In this harrowing tale of terror, resistance, love, and emancipation Archeologist Karolyn Smardz Frost has brought to life the stories of fugitive slaves Thornton Blackburn and his wife Lucie Blackburn in their journey to Canada in what is now known as "The Underground Railroad" during the 19th century.

The significance of the Blackburns lies in the amazing journey they took to freedom, and their subsequent activities in facilitating the flight of future slaves and their work as abolitionists leading up to the Civil War period. Frost shines as a narrator bringing to life the painstaking research she has done to piece together the lives of these remarkable individuals. As a work of non-fiction, Frost is well-deserving of the Governor General Award for 2007.

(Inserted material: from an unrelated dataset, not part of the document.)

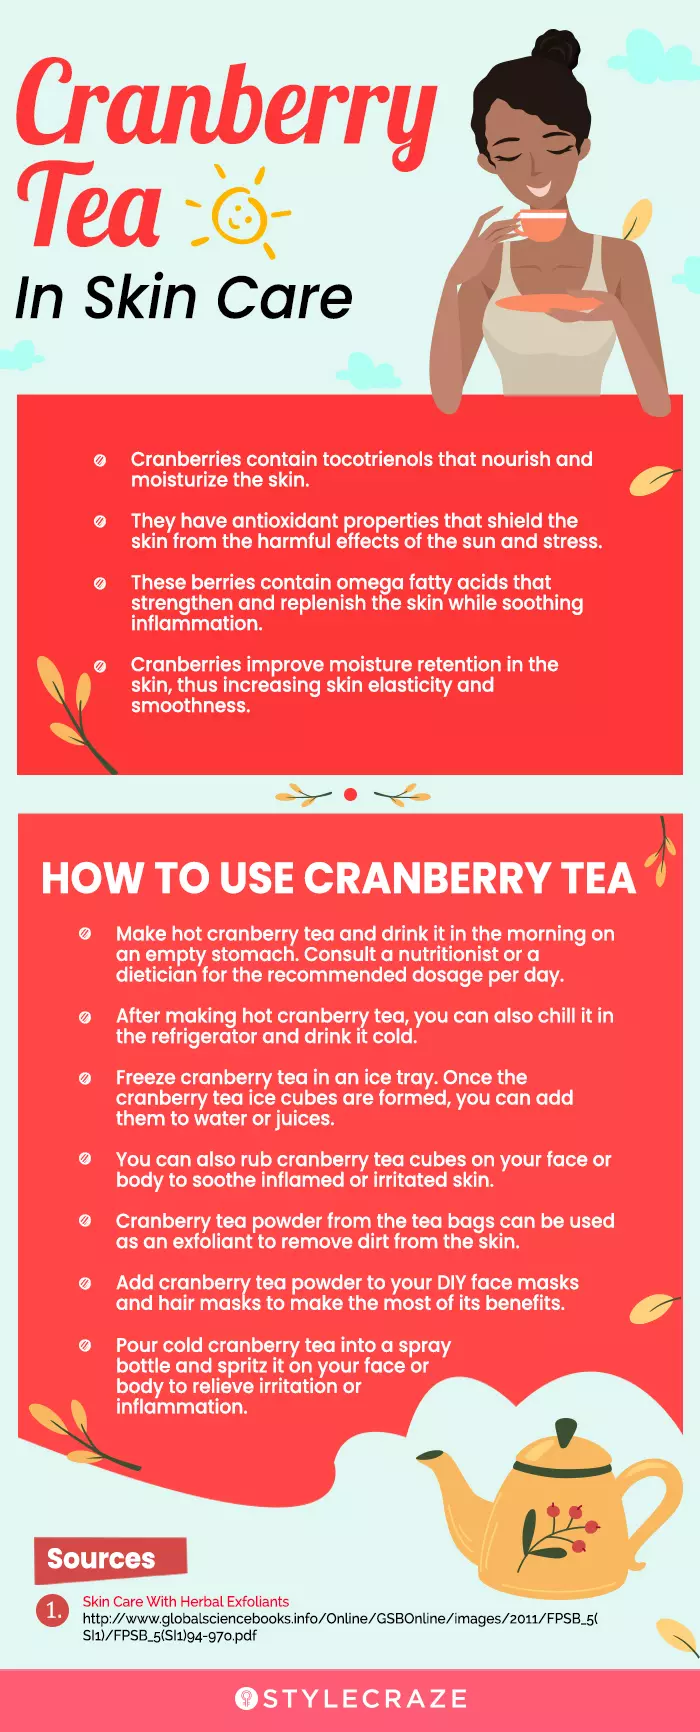 cranberry tea in skin care (infographic)

For the most part, Frost gets all the historical details correct. The brutality of the Cotton King plantation slavocracy, the merciless slave traders, the determination of the abolitionists, enduring racism in British North America (BNA), and the Civil War triangulation between US, BNA and Britain. The greatest accomplishment of Frost's book is to show "the manipulations of personal relationships [between] masters, mistress, and other whites" (p64). In other words, the master/slave relationship was much more complicated than it appeared on the surface and Frost is able give us a glimpse of this complexity through the relationships between Thornton and his masters, and Ruthie (as she was known before she fled) and her masters. Frost is also able to combine elements of romance and suspense through the difficulties they encountered to hide the love for each other and ultimately their desire to be with one another which led them on their harrowing journey to earn their liberty.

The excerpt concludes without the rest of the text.